We are set to go with our protocol! It involves a lot of shots, pill popping and eating healthy and staying zen. I never question putting myself through this craziness....it's a part of the process now and I'm used to it. The embryo transfer date is MARCH 24. I will need lots of prayers, incantations, whatever you can do! Dan and my anniversary is March 28 so I somehow this the timing is poetic. It will be our 7th year of marriage and I can't help reflect on the people we were back then. We had no clue what we were doing and had no one to help us decide what to do. I swear, I should open a concierge service for couples starting out in this journey. There's so much to know and so many directions to go. We thought we were doing what was best for us at the time, but I now realize that creating relationships with doctors that truly care for you is so important. You get so much advice and opinions from everywhere and it can leave you so confused and all the while, you are digging a deeper pile of debt for yourself. It's worthless to look back and have regrets. I've resolved myself to being philosophical about it all....we are doing what we should be doing and we will have the child we are meant for. Pray that everything goes the way it should and that my body cooperates. And most of all, pray I don't run Dan out of the country with my mood swings!! xoxo

Thursday, January 14, 2016

Embryos Chosen!

After a month of sifting through over 200 profiles, we finally chose 3 families, each with 2 embryos to adopt. The doctor wants us to have 6 total. There's a lot that factors in to this phase. We chose blastocysts, which are the most advanced, but they have a 70% success rate of unfreezing versus the younger, less advanced multicells or pro nuclei which have a 90-95% unfreeze success rate. Multicell and pro nuclei aren't as healthy and may not be viable when they unfreeze.

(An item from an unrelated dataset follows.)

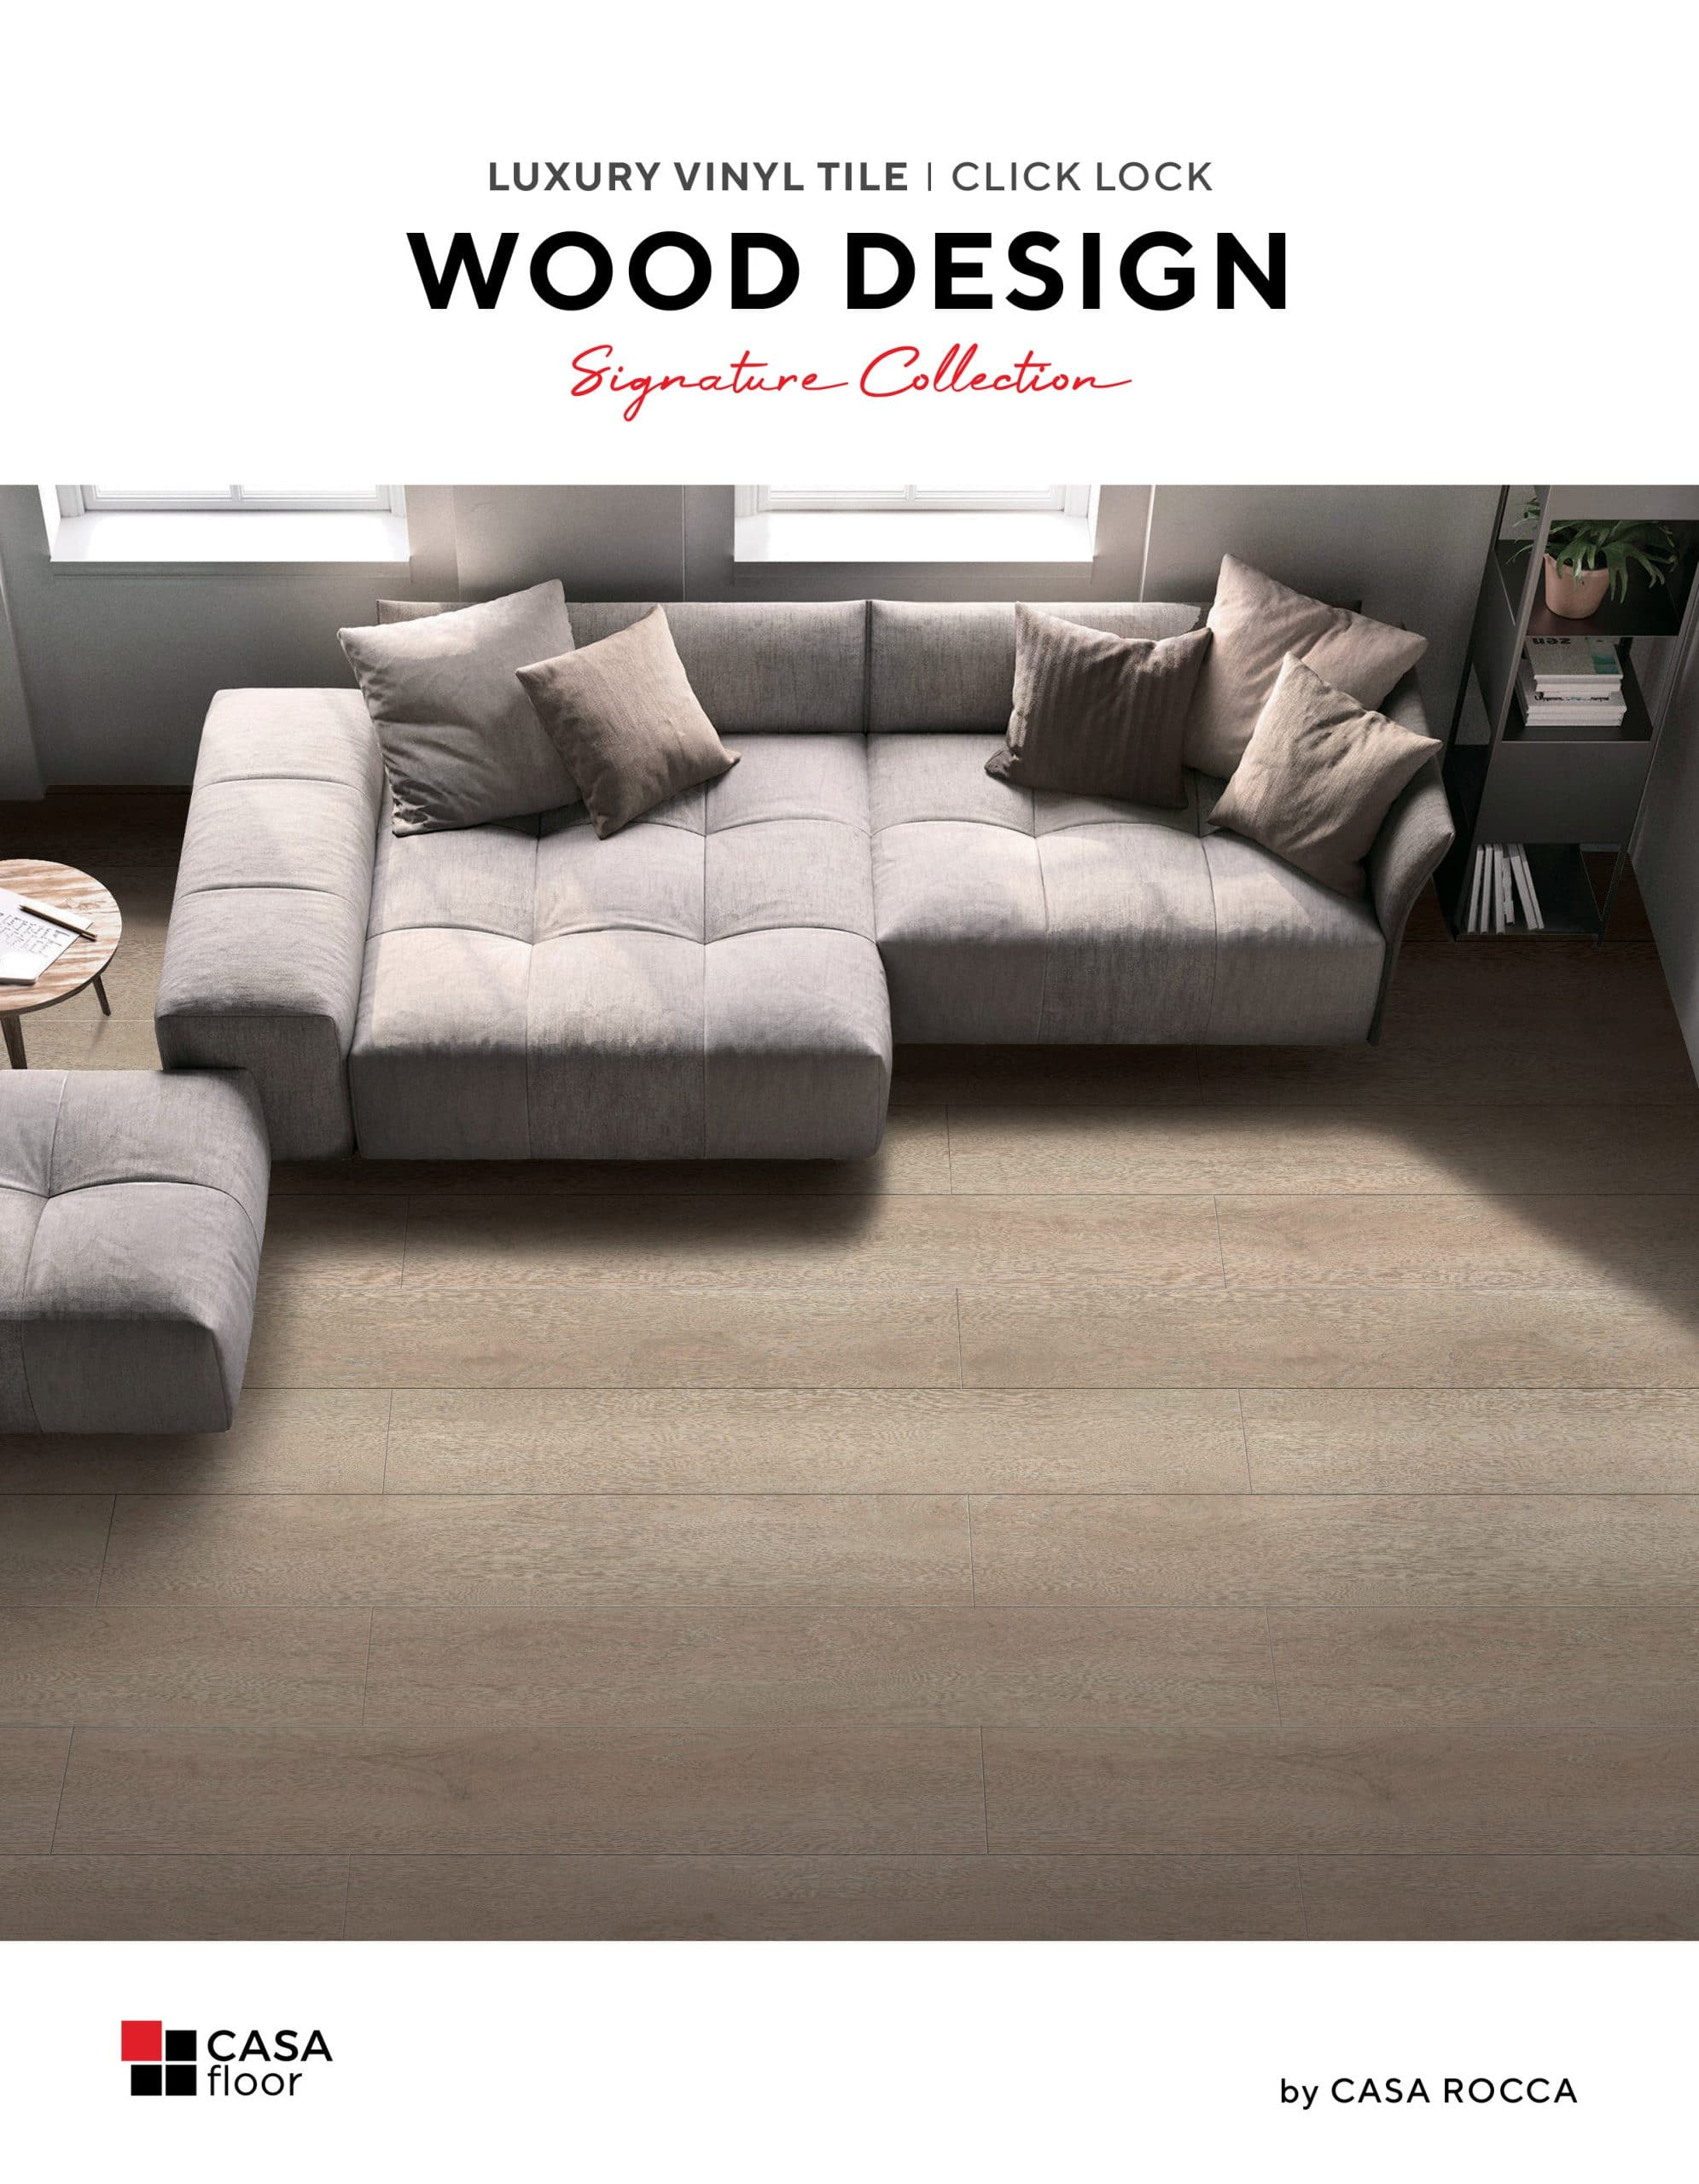 CASA Floor Wood Design Click Lock Cover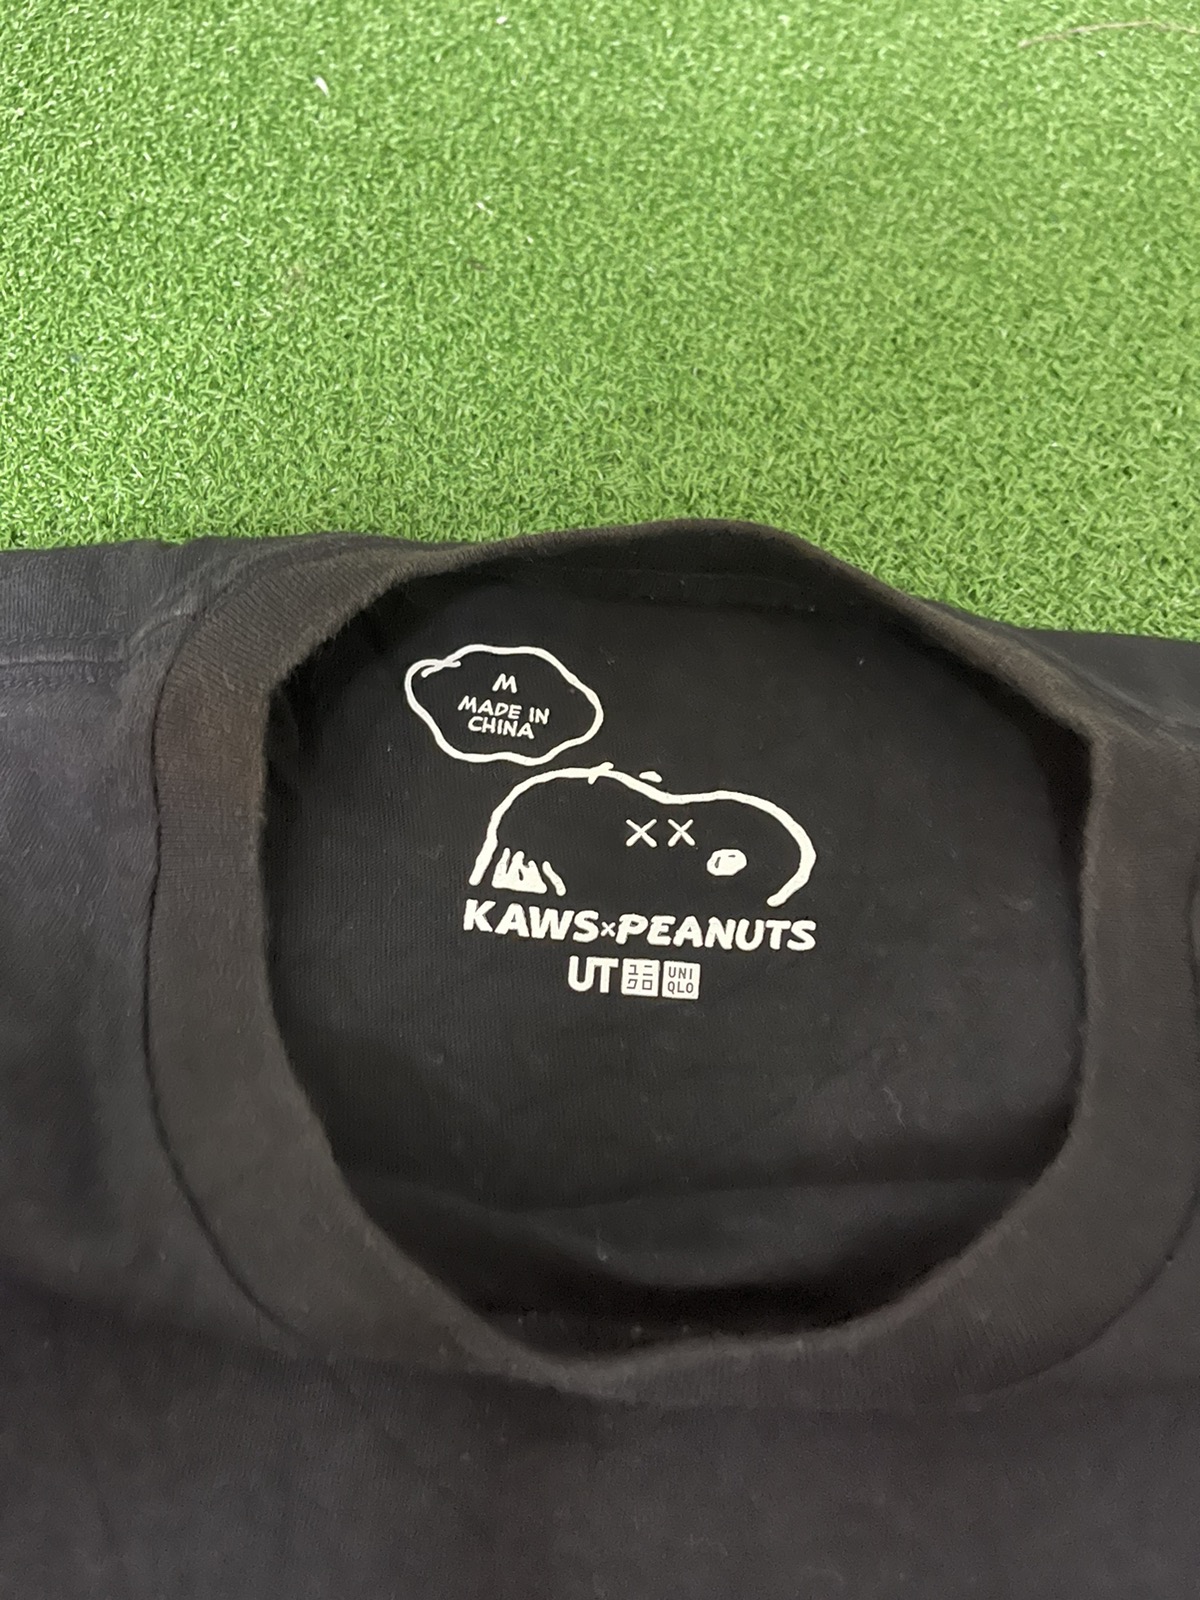 Kaws - Kaws x Peanuts Joe Kaws Graphic Tees / Eva / Khara - 4

To make a long story short, we are confident with the ones we chose. The embryologist will now look at each blastocyst after they unfreeze and decide which ones are the best to implant. We are scheduled to have the transfer the week of March 21. This part of the process has been a lot more difficult than I thought it would be. We would go through them all, pick the best ones and the clinic would call to say they had been adopted. Lots of people are in the same boat with Dan and me and they go fast. It took many rounds to find the right ones. And I think the ones we picked are great. Keep the prayers coming.